An iopf handling work starts once an iopf group is created. The handling
work continues until iommu_page_response() is called to respond to the
iopf and the iopf group is freed. During this time, the device fault
parameter should always be available. Add a pointer to the device fault
parameter in the iopf_group structure and hold the reference until the
iopf_group is freed.
Make iommu_page_response() static as it is only used in io-pgfault.c.
Co-developed-by: Jason Gunthorpe <jgg@nvidia.com>
Signed-off-by: Jason Gunthorpe <jgg@nvidia.com>
Signed-off-by: Lu Baolu <baolu.lu@linux.intel.com>
Tested-by: Yan Zhao <yan.y.zhao@intel.com>
---
include/linux/iommu.h | 17 +++--
drivers/iommu/io-pgfault.c | 129 +++++++++++++++++++++++--------------
drivers/iommu/iommu-sva.c | 2 +-
3 files changed, 90 insertions(+), 58 deletions(-)
Comments
On Wed, Dec 20, 2023 at 09:23:30AM +0800, Lu Baolu wrote:
> The per-device fault data structure stores information about faults
> occurring on a device. Its lifetime spans from IOPF enablement to
> disablement. Multiple paths, including IOPF reporting, handling, and
> responding, may access it concurrently.
>
> Previously, a mutex protected the fault data from use after free. But
> this is not performance friendly due to the critical nature of IOPF
> handling paths.
>
> Refine this with a refcount-based approach. The fault data pointer is
> obtained within an RCU read region with a refcount. The fault data
> pointer is returned for usage only when the pointer is valid and a
> refcount is successfully obtained. The fault data is freed with
> kfree_rcu(), ensuring data is only freed after all RCU critical regions
> complete.
>
> An iopf handling work starts once an iopf group is created. The handling
> work continues until iommu_page_response() is called to respond to the
> iopf and the iopf group is freed. During this time, the device fault
> parameter should always be available.
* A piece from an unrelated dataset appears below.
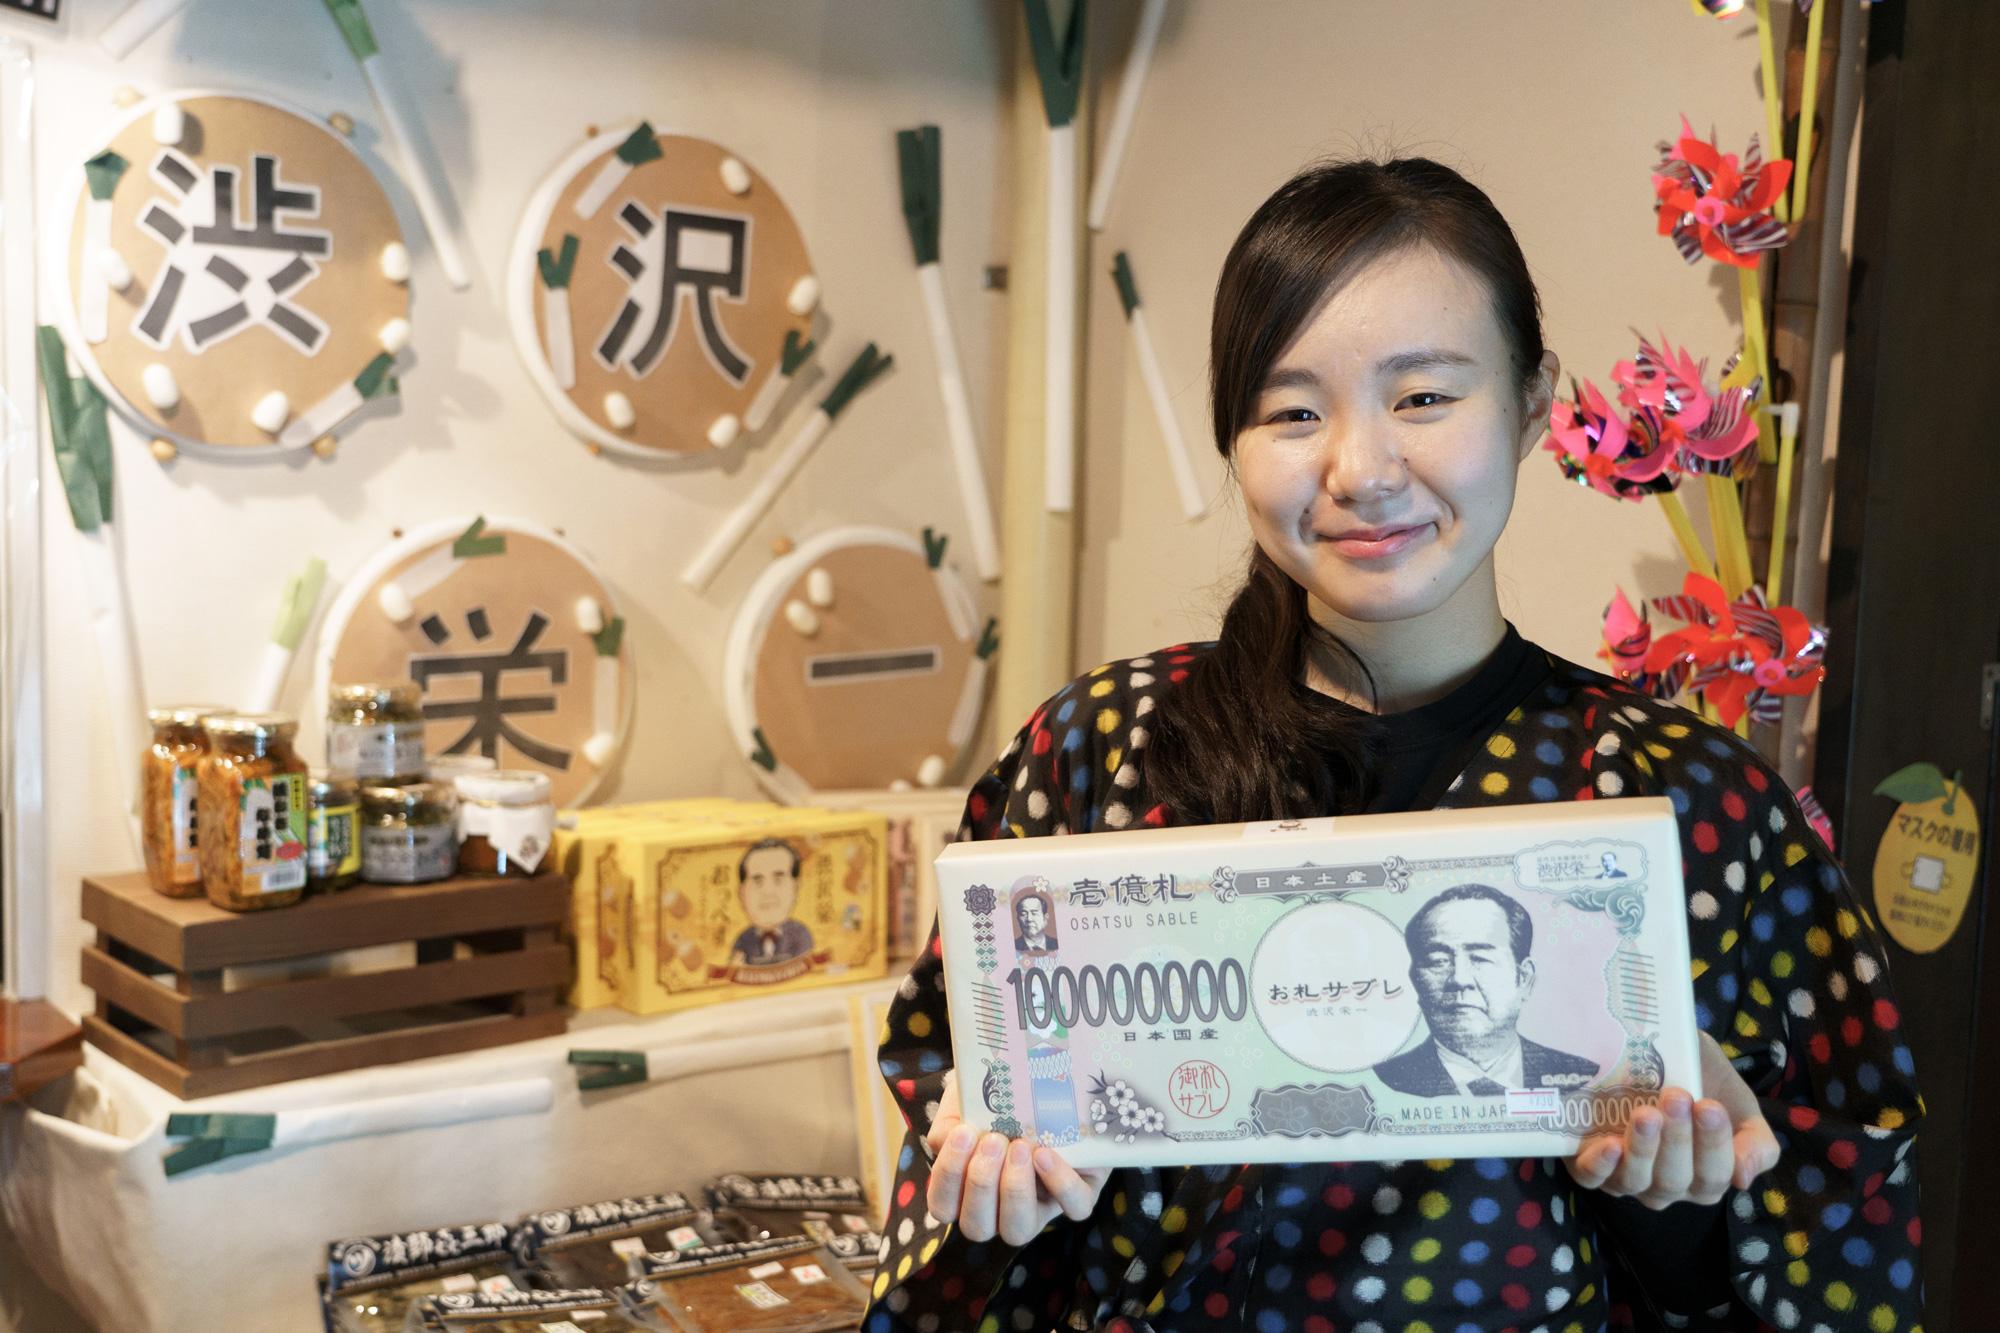 昭和レトロな温泉銭湯 玉川温泉にて《新一万円札の顔》渋沢栄一翁とシルクをテーマにしたイベント開催

Add a pointer to the device fault
> parameter in the iopf_group structure and hold the reference until the
> iopf_group is freed.
>
> Make iommu_page_response() static as it is only used in io-pgfault.c.
>
> Co-developed-by: Jason Gunthorpe <jgg@nvidia.com>
> Signed-off-by: Jason Gunthorpe <jgg@nvidia.com>
> Signed-off-by: Lu Baolu <baolu.lu@linux.intel.com>
> Tested-by: Yan Zhao <yan.y.zhao@intel.com>
> ---
> include/linux/iommu.h | 17 +++--
> drivers/iommu/io-pgfault.c | 129 +++++++++++++++++++++++--------------
> drivers/iommu/iommu-sva.c | 2 +-
> 3 files changed, 90 insertions(+), 58 deletions(-)
This looks basically Ok
> +/* Caller must hold a reference of the fault parameter. */
> +static void iopf_put_dev_fault_param(struct iommu_fault_param *fault_param)
> +{
> + if (refcount_dec_and_test(&fault_param->users))
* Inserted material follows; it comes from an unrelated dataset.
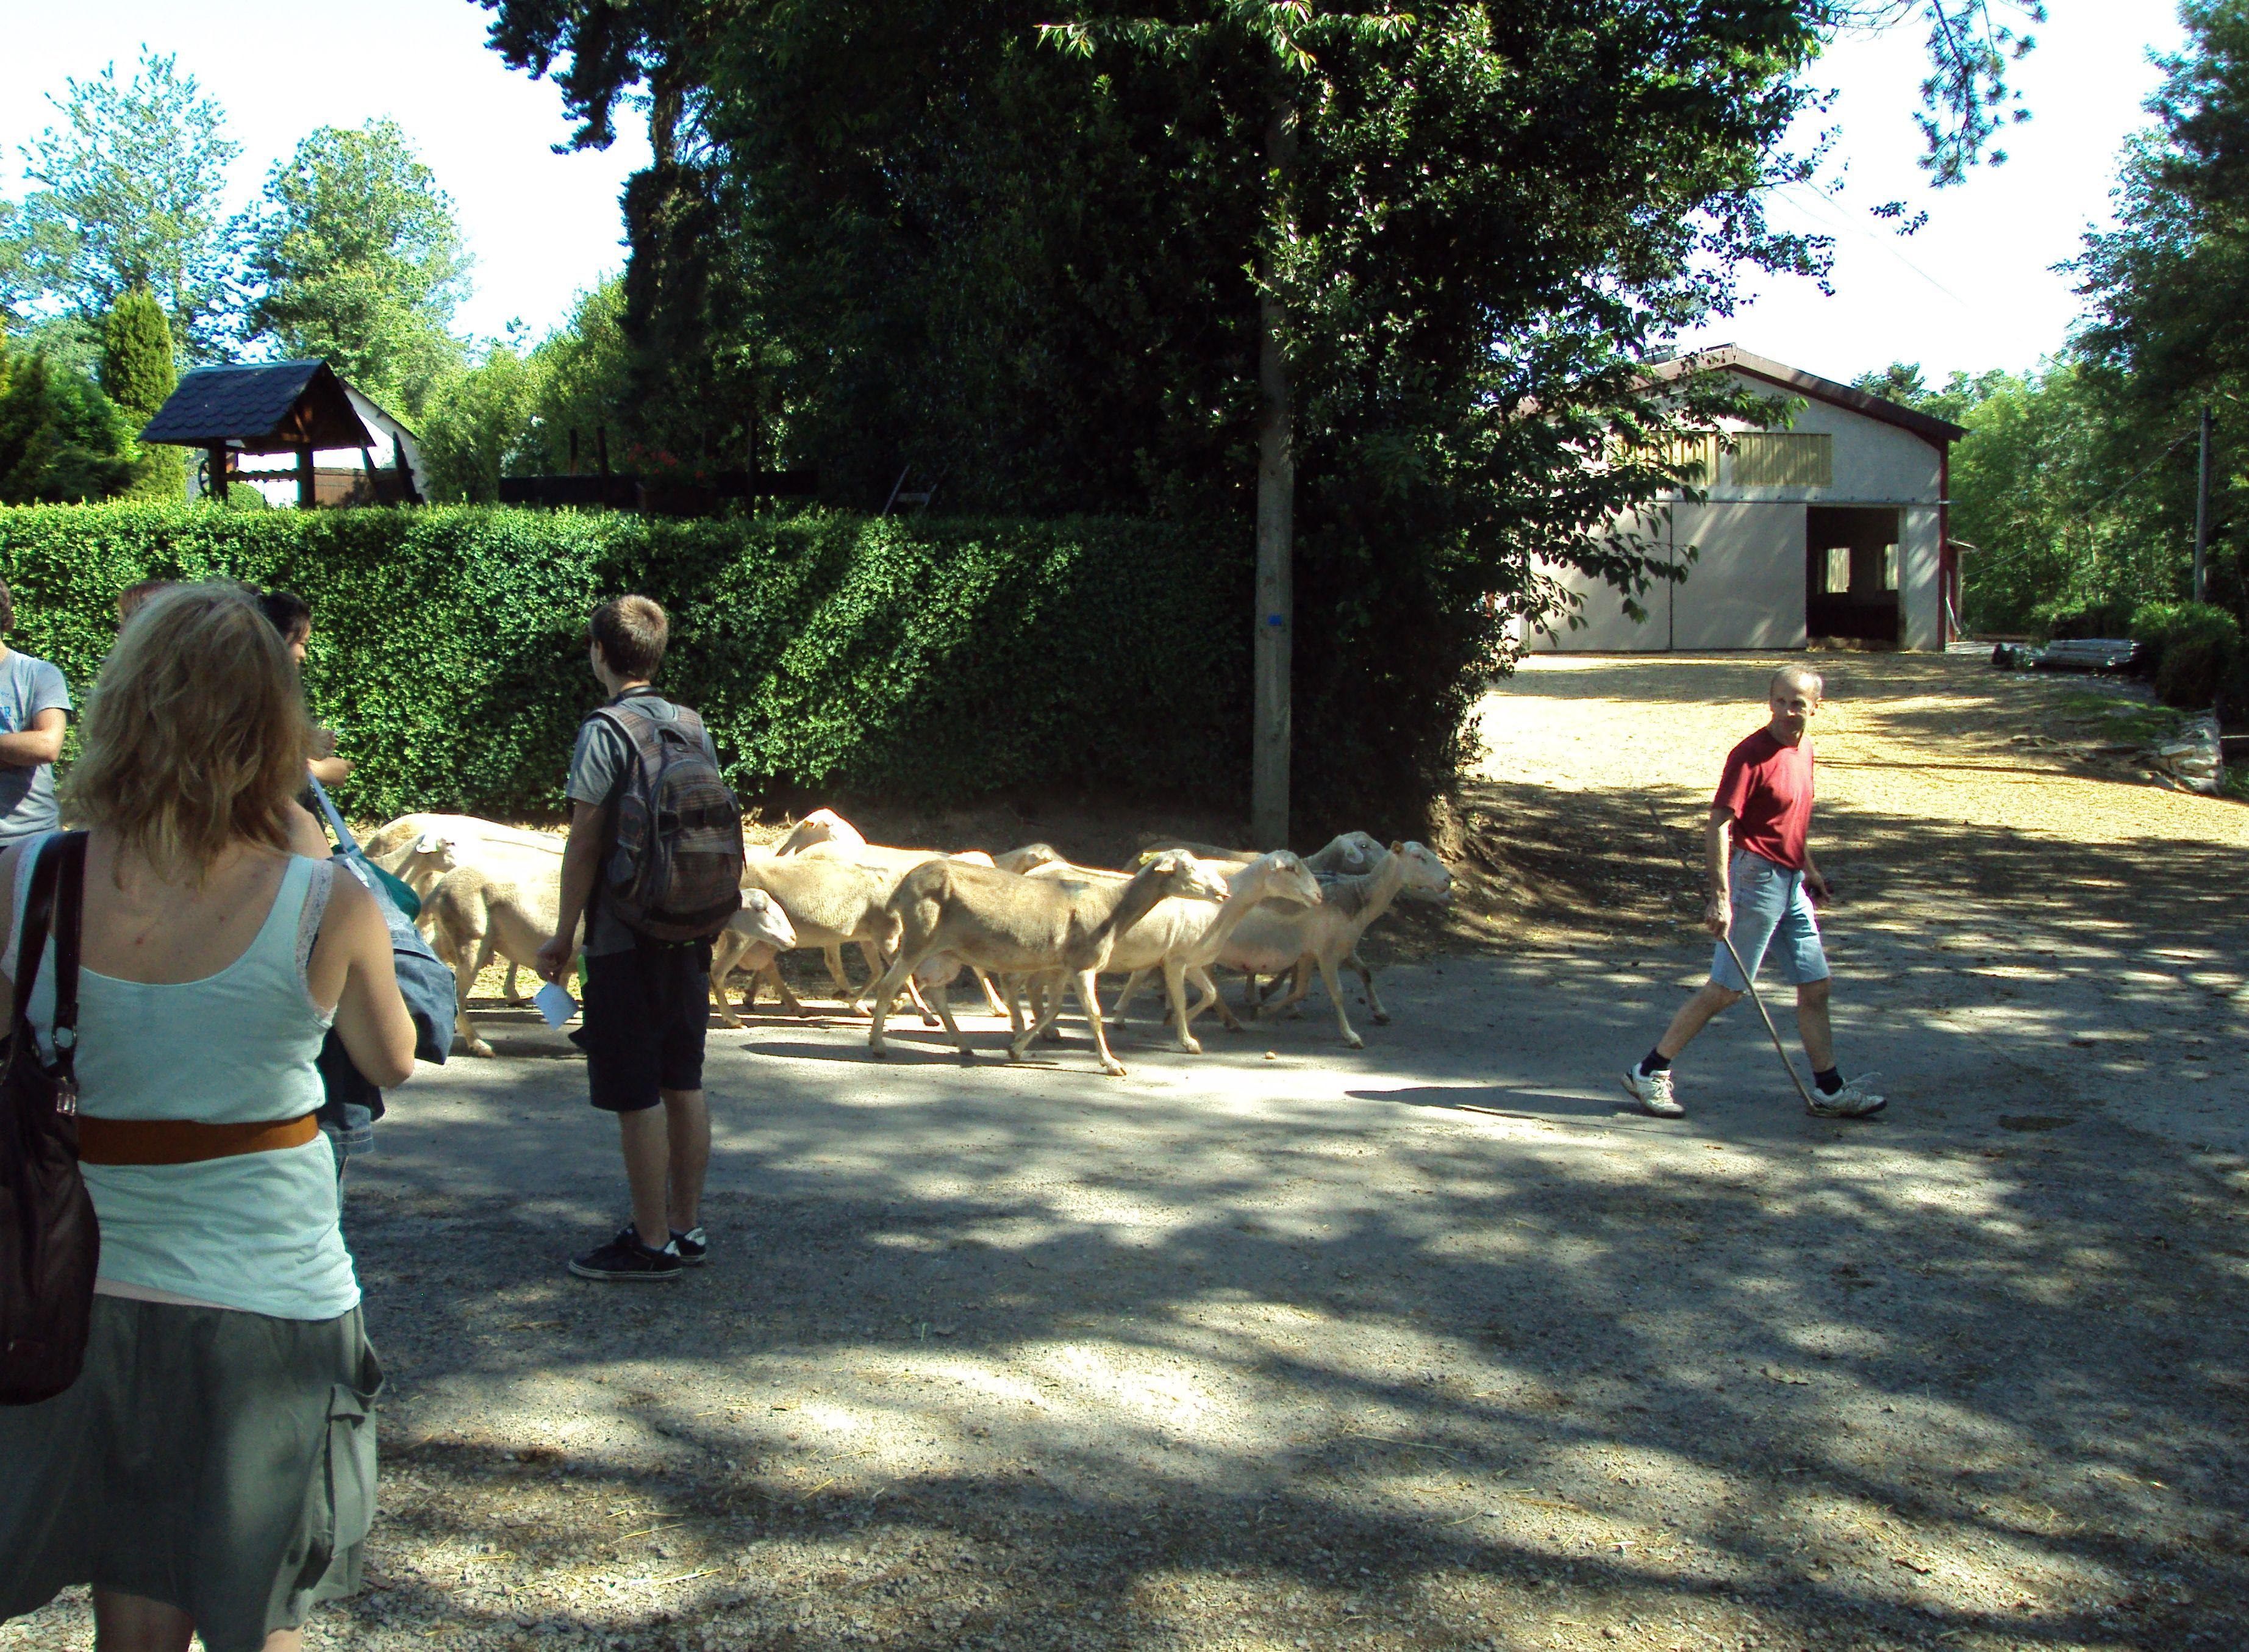 accompagner  le troupeau de brebis

> + kfree_rcu(fault_param, rcu);
> +}
[..]
> @@ -402,10 +429,12 @@ int iopf_queue_add_device(struct iopf_queue *queue, struct device *dev)
> INIT_LIST_HEAD(&fault_param->faults);
> INIT_LIST_HEAD(&fault_param->partial);
> fault_param->dev = dev;
> + refcount_set(&fault_param->users, 1);
> + init_rcu_head(&fault_param->rcu);
No need to do init_rcu_head() when only using it for calling
kfree_rcu()
> @@ -454,8 +485,10 @@ int iopf_queue_remove_device(struct iopf_queue *queue, struct device *dev)
> list_for_each_entry_safe(iopf, next, &fault_param->partial, list)
> kfree(iopf);
>
> - param->fault_param = NULL;
> - kfree(fault_param);
> + /* dec the ref owned by iopf_queue_add_device() */
> + rcu_assign_pointer(param->fault_param, NULL);
> + if (refcount_dec_and_test(&fault_param->users))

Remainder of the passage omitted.